Over the course of a year of monthly meetings, The CLL Bloodline will teach the BASICS needed to understand CLL, bring news, help with the acronym and new vocabulary, and offer simple fun quizzes.
MONTHLY QUIZ: CLL (chronic lymphocytic leukemia) and SLL (small lymphocytic lymphoma)
- Are entirely different unrelated cancers.
- Are related but different cancers.
- Are the identical cancers in different parts of the body; SLL in the nodes only, CLL in the blood and maybe the lymph nodes.
- SLL may become CLL.
- 3 and 4 are correct.
The correct answer is #5. To diagnosis CLL there must be > 5000 clonal cells per microliter (μl) of blood. In SLL, clonal cells with the identical immunophenotyping (genetic fingerprinting), as in CLL, are found in at least one lymph node, but there are < 5000 of these cells per μl of blood. SLL becomes CLL if the count exceeds 5000.
NEWS:
As 2020 draws to a close we are asking for your help in supporting our efforts to continue to do everything we possibly can to save the lives of CLL patients. The resources provided by donors like you made it possible for us to pivot when COVID-19 struck with new virtual support groups and online education. It allowed us to distribute thousands of lifesaving KN95 masks to our vulnerable CLL patients and their caregivers and develop official COVID-19 triage and work statements that are saving lives. Donations of cash, cars, trucks, stocks, artwork and much more can be transformed into action to benefit our CLL community. The CLL Society is invested in your long life. Please invest in the long life of the CLL Society. You can donate safely through the website. Thank you!
THE BASICS: Types of Treatment
Cellular Therapies are treatments that use cells rather than drugs to treat CLL. The first cellular therapy was a hematopoietic stem cell transplant (HSCT), or a bone marrow transplant. In CLL, this is usually done using a matched donor’s stem cells. It may be curative, but infections and graft versus host (GVHD) disease, where the new immune system attacks more than the cancer, makes transplant very high-risk. CAR-T (chimeric antigen receptor – T cells) is experimental in CLL where our own T-lymphocytes are harvested, trained to attack our CLL, grown, and then re-infused. Results in CLL are amazing for this “living drug” for some but the data are early. Neurotoxicity and cytokine release syndrome (CRS), where inflammatory molecules (cytokines) are released causing flu-like symptoms or worse, can occur and even be fatal; however, they can almost always be successfully managed. Other cellular therapies include CAR-NK (natural killer) cells and TILs (tumor infiltrating lymphocytes). Watch out for this month’s Tribune on CAR-T and other cellular therapies.

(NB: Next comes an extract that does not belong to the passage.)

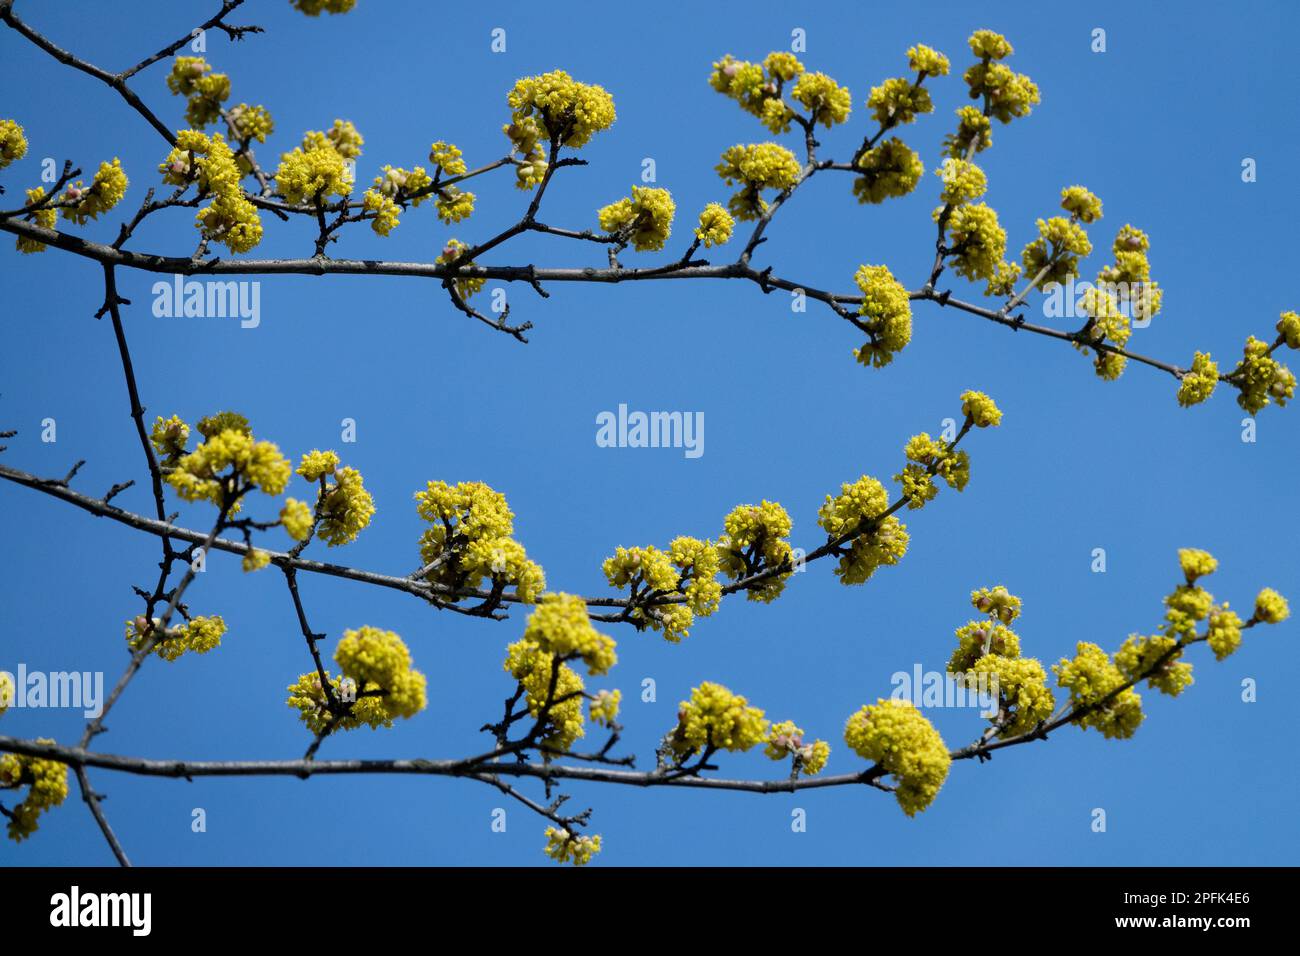 Cerise cornéenne, Mas Cornus petits amas de petites fleurs jaunes vives sur les branches fleurissent d'abord au début du printemps Banque D'Images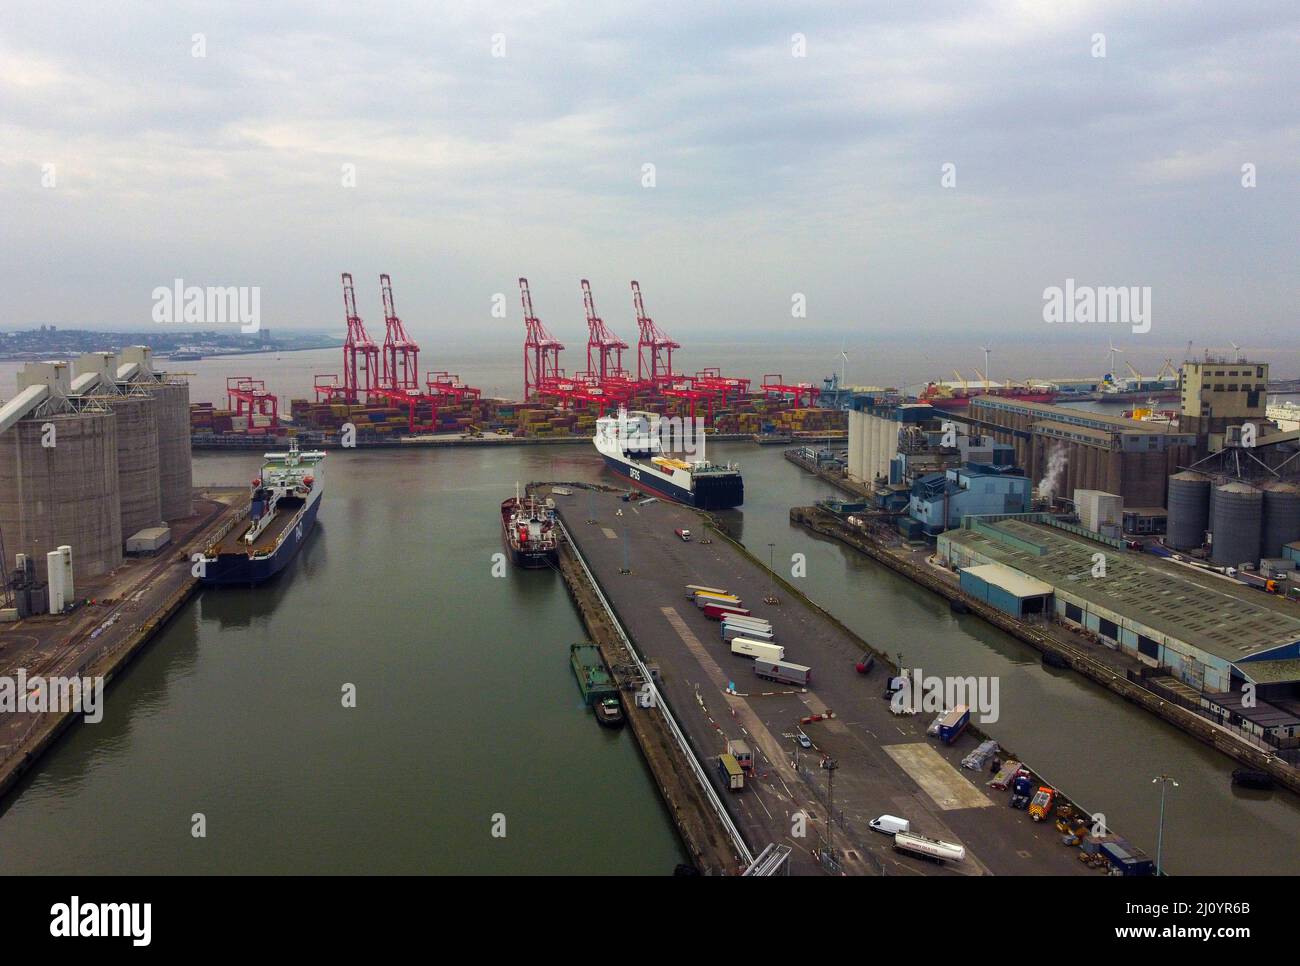 Vue générale du ferry P&O Norbay (à gauche) amarré à Gladstone Dock à Liverpool. P&O Ferries a remis la semaine dernière 800 avis de départ immédiats à des marins. Date de la photo: Lundi 21 mars 2022. Banque D'Images

WORD/ACRONYM OF THE MONTH: ALLOGENEIC STEM CELL TRANSPLANT
Allogeneic stem cell transplant is a procedure in which bone marrow stem cells are taken from a genetically matched donor (a sibling or unrelated donor) and given to the patient through an IV. The cells migrate to and hopefully engrafts in the patient’s marrow, giving new stem cells to build all the blood components, and with it, a new immune system that recognizes and attacks the cancer as an invader. This is called Graft versus Leukemia (GVL).
The CLL Society is invested in your long life. Please invest in the long life of the CLL Society by making a donation..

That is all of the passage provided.